In Fall 2001, I taught the very first Arab American Literature course offered in NYC.  This group of students were perhaps the most important to me.  At a time when racism against Arab Americans had intensified, the class became a safe haven to share our lives with each other and create a compassionate and educational space.   It was also the class that was the most publicized.  Two documentaries were filmed here.  WNYC/NPR visited and the students’ voices were heard beyond the classroom.  Because of this semester, my teaching style changed from a traditional highly-disciplined structure to one that was more relaxed and playful, while maintaining its educational rigor.

(L-R) Nora, Omar, Rasha, Yasmin, and Moustafa Bayoumi author of How Does it Feel to be a Problem? Being Young and Arab in America.  Former students: Omar, Rasha and Yasmin shared their life stories and contributed to one of the best books on Arab American youths.  It won the American Book Award 2009

(L-R) Nora, Omar, Rasha, Yasmin, and Moustafa Bayoumi author of How Does it Feel to be a Problem? Being Young and Arab in America. Former students: Omar, Rasha and Yasmin shared their life stories and contributed to one of the best books on Arab American youths. It won the American Book Award 2009

One particular incident that stood out for me was when a student told me that he imagined Baba from Khaled Hosseini’s novel The Kite Runner to look like Saddam Hussein.  This was in the years of 2002/2003.  Because of all the media craze over Saddam Hussein, my student said that he saw Baba when in Afghanistan as a young Saddam.  When he was sick, he visualized Baba as the Saddam caught by the Bush administration.

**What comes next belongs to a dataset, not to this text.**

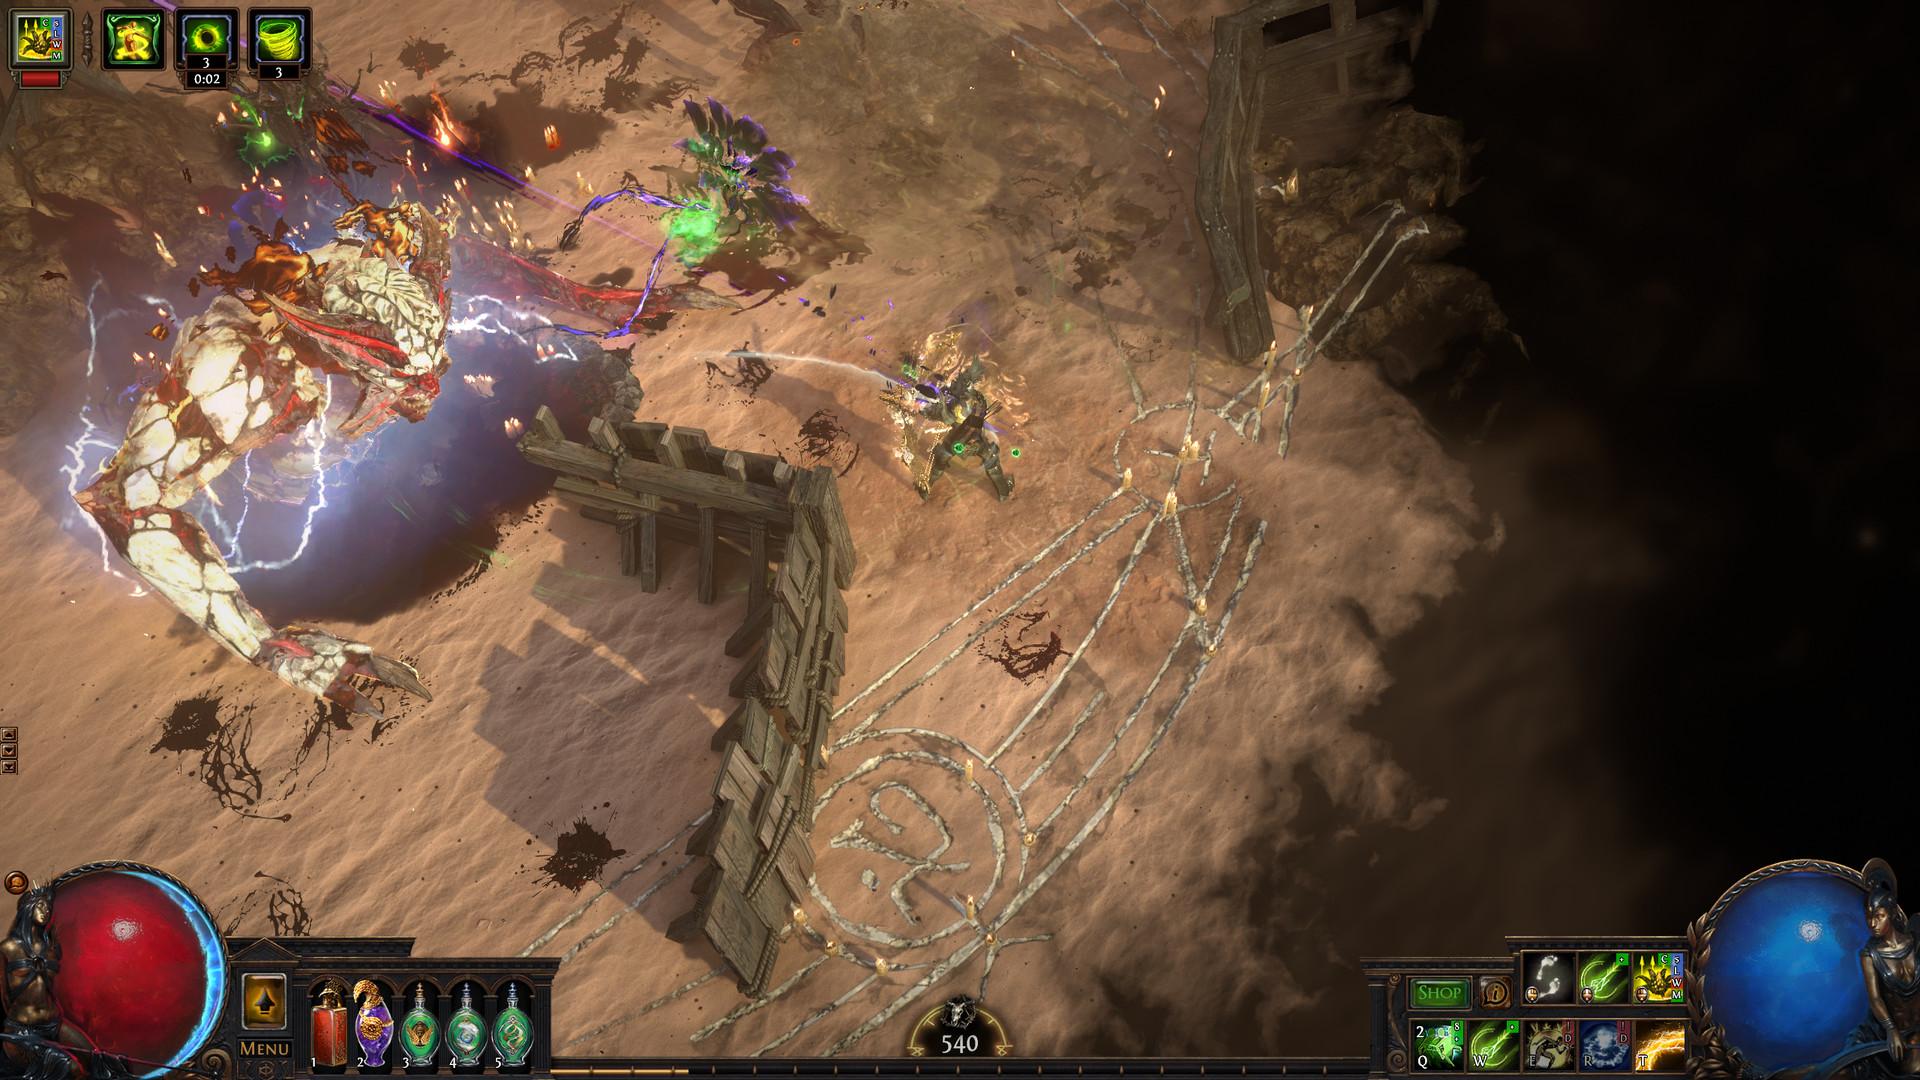 Screenshot №13 from game Path of Exile

This is when I realized the importance of including visual material that allowed my students to see Middle Eastern/West Asian faces and develop different relationships with these faces.  Regardless of how sympathetic they felt towards the characters, if the only face they could conjure up to fit Afghan/Iranian/Arab was Saddam Hussein, then I didn’t feel like I was running a proper class.

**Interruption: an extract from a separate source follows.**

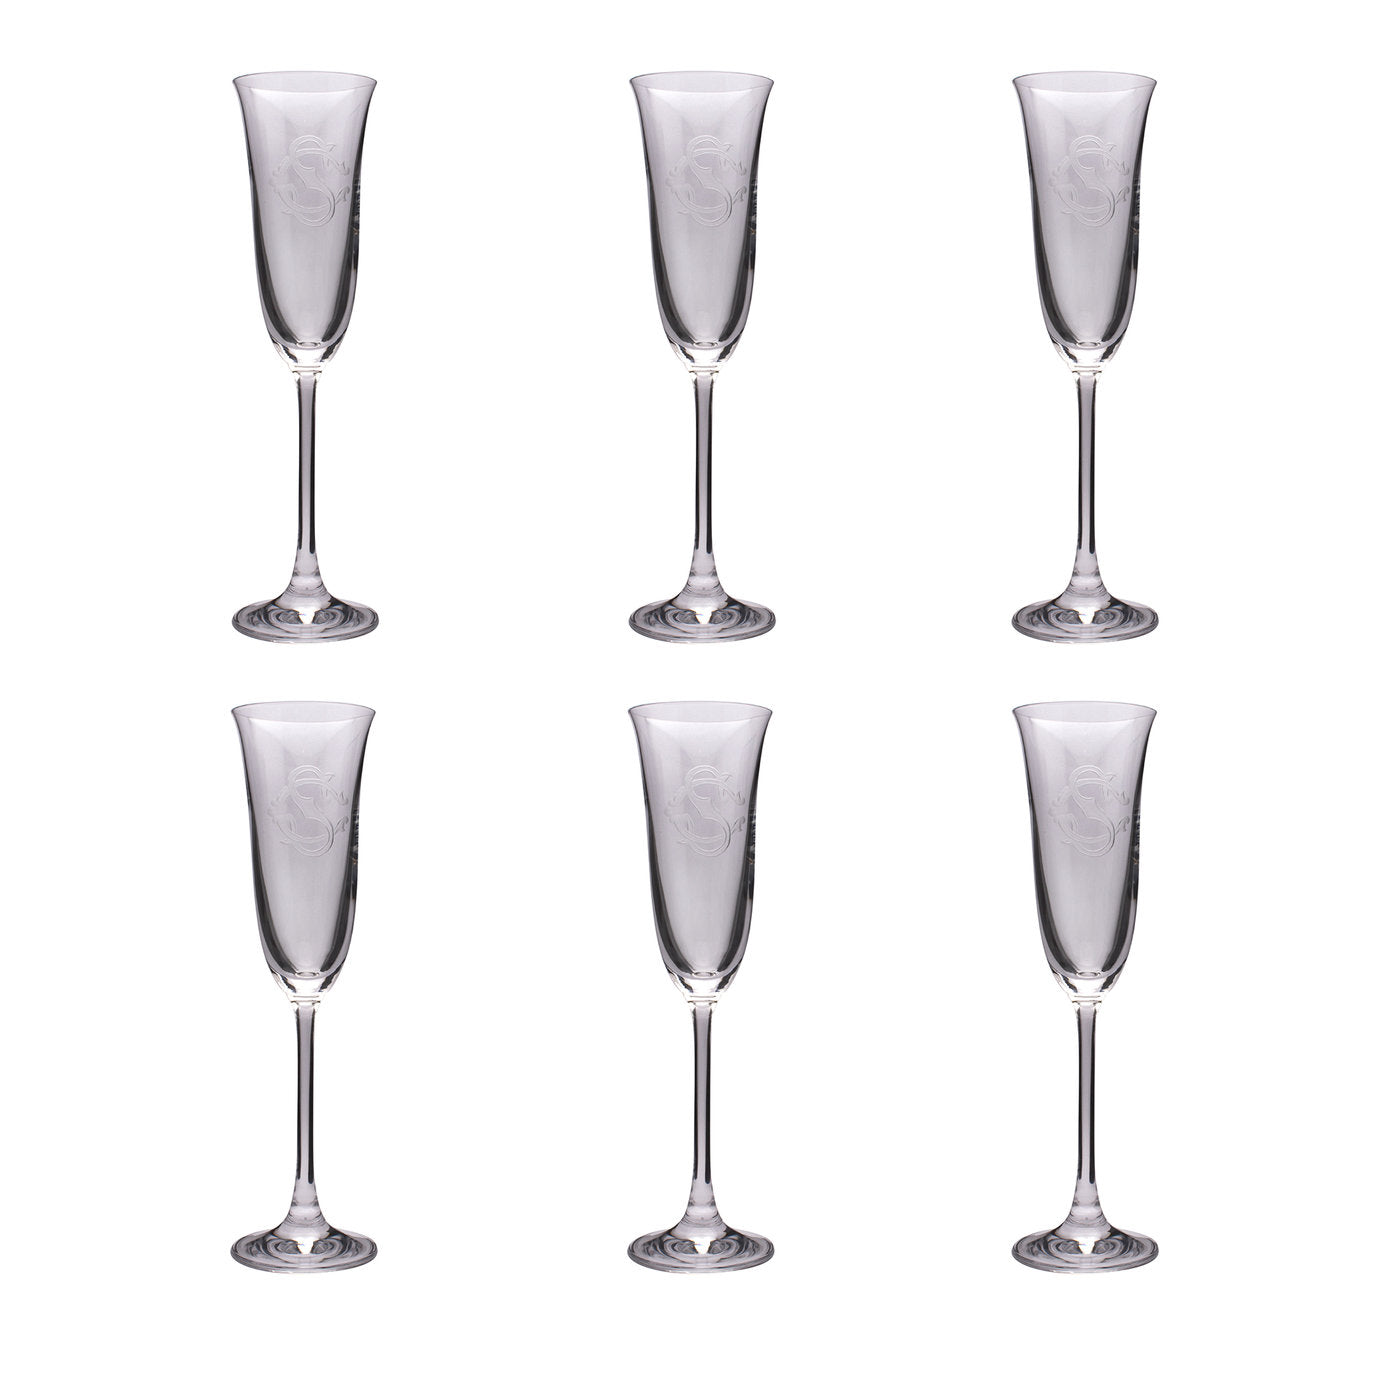 Set of 6 Champagne Flutes with Monogram - Alternative view 1

Summer 2008, Vaimoana Numietolou (Tongan American Artist/Poet/Performer) speaks to Postcolonial Literature class about her artistic response to Gaugain and other colonial artists.

Summer 2008, Vaimoana Numietolou (Tongan American Artist/Poet/Performer) speaks to Postcolonial Literature class about her artistic response to Gaugain and other colonial artists.

It was after this semester that I incorporated film, video art and photography into literature courses.  It was very important for me to introduce visual as well as textual relationships with West Asian Americans (Arab/Afghan/Iranian) faces.  The theorists who became the skeletal foundations of these classrooms were Edward Said and Ella Shohat.

Here are some highlights from my years teaching at Hunter College.  The courses I taught were: West Asian American Film; Arab American Literature; Asian American Literature; Asian Pacific American Media; Asian American Gender and Genre; and Central Asian American Film and Literature.  This portfolio is a highlight of some of the trips we took and guest speakers I invited to my classroom over the years.  I took advantage of the luxury of teaching in midtown Manhattan and its proximity to local cultural events.

After receiving a generous grant, I resigned in May 2009 to focus on my dissertation and creative writing.

March 2006, Class trip to MoMA for an exhibit on Middle Eastern artists Shirin Neshat, Emily Jacir, and others.

March 2006, Class trip to MoMA Exhibit "Without Boundary: Seventeen Ways of Looking" featuring Emily Jacir, Ghada Amer, Mona Hatoum, Shirin Neshat and others.